Как-то в ответ на эти вопросы я рассказал Юнусу, что медики, получив диплом врача, дают клятву: никогда никому не отказывать в медицинской помощи, идти к больному в любой час дня и ночи, лечить даже своего врага и сохранять тайну, если больной доверит ее.

Юнус слушал меня недоверчиво, а потом спросил:

— А шайтана доктор будет лечить?

И, довольный своей шуткой, думая, что поставил меня в тупик, громко захохотал.

— И шайтана стал бы лечить, заболей шайтан. Только никаких шайтанов на свете не бывает, — добавил я, впрочем, не так уж уверений.

От пролаза шел отец Юнуса, и мне подумалось, что если бы шайтан мог появиться здесь, то он выбрал бы для себя обличье старшего Ходжаева — таким неприятным и злым показалось мне лицо нашего соседа.

Юнус, видимо, тоже побаивался его, потому что, не дослушав меня, вскочил и отошел в сторону.

Однако мне потом подумалось, что сын передал отцу содержание нашего разговора. Я заметил, что с этого дня, встречаясь со мною, старик как-то пристально смотрел на меня и бормотал что-то вроде приветствия. Я возгордился, думая, что слава русского доктора отблеском падает на меня, его сына. Лично мне нечем было гордиться. Наши надежды на мое учение в гимназии не оправдались. Для поступления в третий класс у меня не хватило знаний. Отец, не то по своей рассеянности, не то вольнодумию, не подготовил меня по «закону божьему», тогда обязательному предмету во всех учебных заведениях. Я хорошо знал занятные и страшные истории из Ветхого и Нового заветов, безошибочно читал молитвы, которым выучила меня добрая нянюшка, но я не имел ни малейшего понятия о катехизисе. Это же была книга духовного содержания, состоящая из вопросов и ответов. Ученику полагалось понимать вопросы и отвечать на них по-книжному, наизусть. Я не мог сделать ни того ни другого, и за это батюшка с треском провалил меня. Не помогло и то, что я самостоятельно перерешал за третий класс все задачи по Арбузову, не сделал ошибок в диктовке и получил высший балл по всем остальным предметам вступительных экзаменов.

Отцу моему посоветовали устроить меня домашним учеником у этого священника и договориться через него, чтобы в гимназию меня приняли условно, прозрачно намекнув, что батюшке следует заплатить за уроки и любезность.

Все это походило на взятку. Отец рассердился и отдал меня в четырехклассное училище: туда я был принят сразу в четвертый класс. Прельстившись моими «светскими» познаниями, школьное начальство закрыло глаза на мое незнание катехизиса.
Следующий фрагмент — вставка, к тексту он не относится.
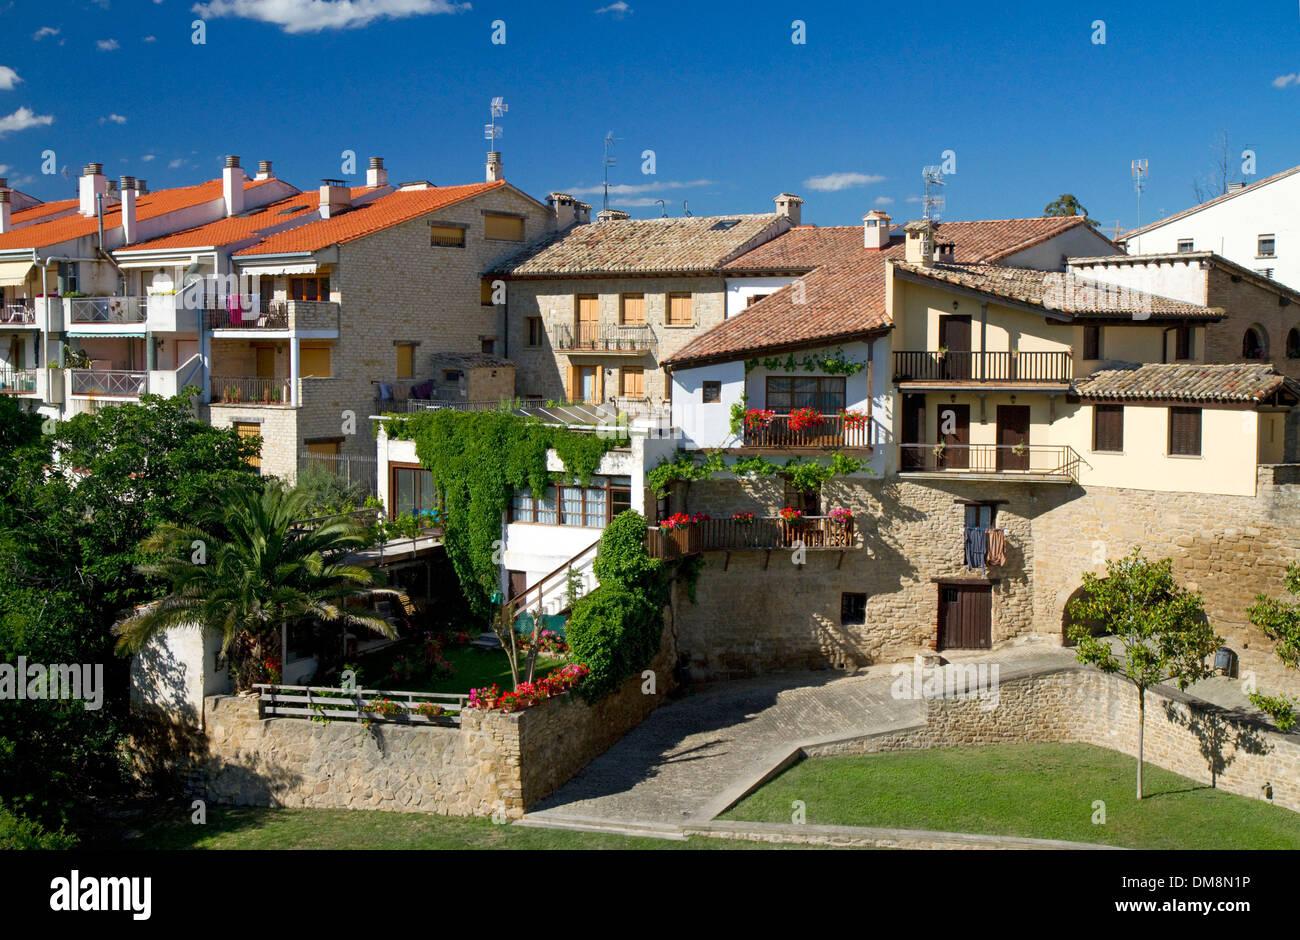 Puente La Reina is a Basque town along the Way of St. James pilgrimage route, Navarra, Spain. - Stock Image

В училище все для меня было внове и непривычно. В нем учились дети русских рабочих, великовозрастные мальчишки, знавшие, как и мои кудукские товарищи, с малолетства труд. Но на этом сходство и кончалось.

Это были шумливые, драчливые ребята. В классе они грохали крышками парт, стучали сапогами, дерзили учителям. В перемены они высыпали во двор и там носились до звонка. Сторож Игнатий, отставной солдат, долго звенел медным колокольчиком, помогая его бренчанию сиплым криком: «Звонок, огольцы! На урок! Оглохли, неслухи?! А ну, марш по классам! Я вас!..» Мальчишки отрывались от игр и с гиканьем, табуном, толкаясь, бежали в здание.

Игры их были странные и дикие, порой переходившие в жестокость. Особенно доставалось новичкам. Такая уж была традиция всех учебных заведений Российской империи — преследовать вновь поступающих. Новенького тянули за уши, что значило «показать Москву», припирали к стене так, что захватывало дух и трещали кости, — это называлось «жать масло». Мне еще мало досталось. Объяснялось это не какими-нибудь моими доблестями, а тем, что я был рослым, довольно ловким и в свои двенадцать лет выглядел четырнадцатилетним. Несмотря на это, посвящение в рыцари школьного товарищества до сих пор вспоминается мною с неприязнью. Подумайте, каково же было новичкам, поступающим в первый класс! Малолетство, слабосилие и даже болезнь не вызывали жалости, наоборот — желторотые щуплые птенцы надолго становились жертвами великовозрастных и сильных. Избавившись от преследования своих одноклассников, дружбы их я не приобрел. Теперь я объясняю это двумя причинами.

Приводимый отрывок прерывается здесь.